Caspian is less of a contradiction, more of a complete and total bastard. He's introduced as a serial killer: "Nobody knows how many people he killed. They found parts in his basement, in his garden, in his freezer." And he eats the bug in his cell. Implication, he eats everything. Famine.
The interesting thing about Immortals is the Quickening. Take their head, and with it their power. Immortals consume each other.
With most Immortals we watch this is a single quick burst of power, an electrical storm, clean and overwhelming. It's not totally voluntary - they can choose not to kill, but once they kill they consume. And when people we like do it, we still like them.
Caspian basically just doesn't stop with the Quickening. He eats the rest too.
The question with him is, how is it that makes him a monster?

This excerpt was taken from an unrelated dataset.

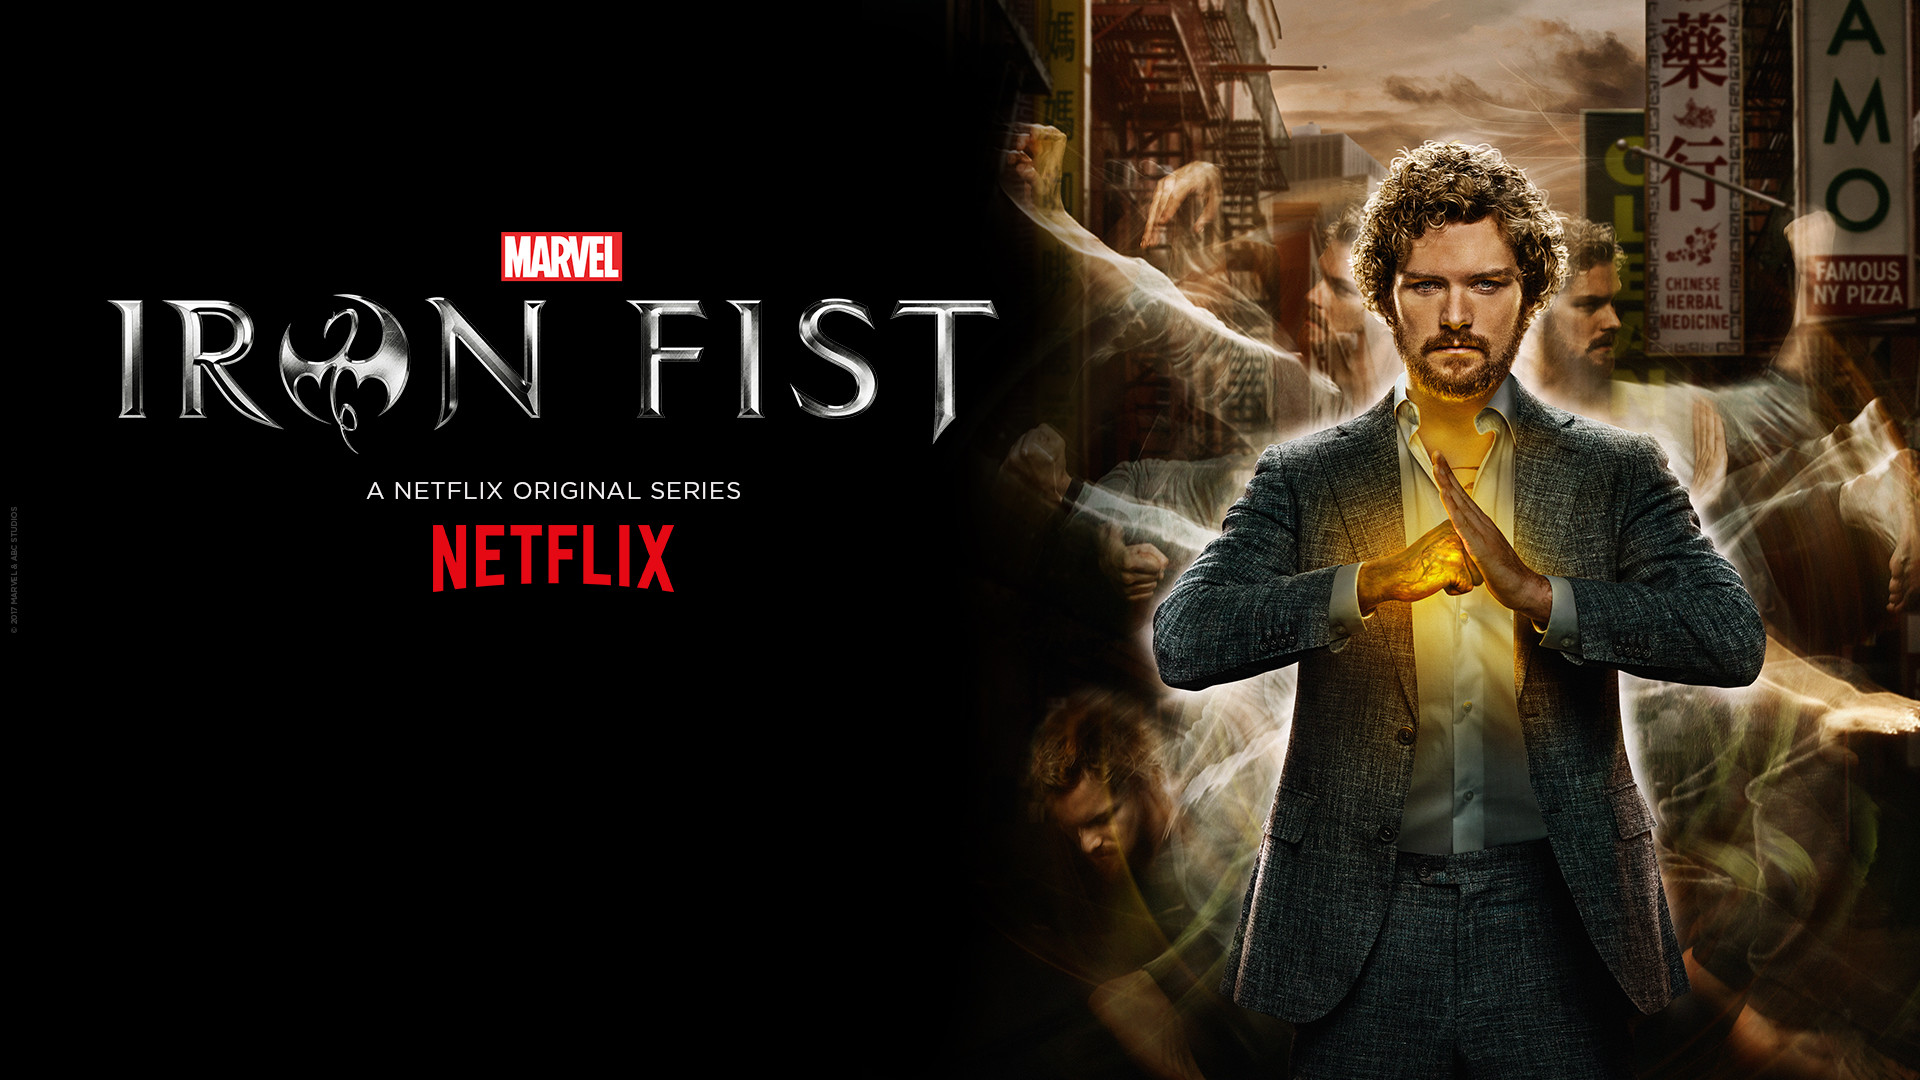 Iron Man Wallpapers Free Download - Iron Fist Wallpaper Netflix , HD Wallpaper & Backgrounds

Where precisely is the line he crossed that makes him the guy to lock in a cell and leave that way?
And for both of them part of the answer in Highlander is that they don't stick to just Immortals. They fight, they kill, they consume, but they don't have one set of rules for Immortals and another for mortals. And that makes them the bad guys?
But another part is the scale of what they do, the raids and serial killer numbers.
So if they only did it once a century would they still be monsters?
There has to be some other ingredient, some line that Duncan MacLeod is on one side of and the Horsemen are on the other.
... right?
Kronos... he's all about scale. He wants to watch the world burn. But there's also a thing where Silas is about the fighting, Caspian is about what happens to the bodies after, but Kronos is about the moment of death. He wants to kill, not just fight, and it's not about what he'll achieve by it. For him killing is an expression of power.
Duncan MacLeod kills people every week, but he does it for a reason, to achieve something, to stop something. Kronos does it because he can. If you're going to do his origin story you do the moment he crossed from one mode to another.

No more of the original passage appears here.